- [ASSIGNED TASK]:
Transcribe each line below without altering anything.

- [RECORDED DATA]:
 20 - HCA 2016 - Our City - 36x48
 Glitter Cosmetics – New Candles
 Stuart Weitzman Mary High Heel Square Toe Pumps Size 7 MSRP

- [EXERCISE RESULT]:
 20 - HCA 2016 - Our City - 36x48
 Glitter Cosmetics – New Candles
 Stuart Weitzman Mary High Heel Square Toe Pumps Size 7 MSRP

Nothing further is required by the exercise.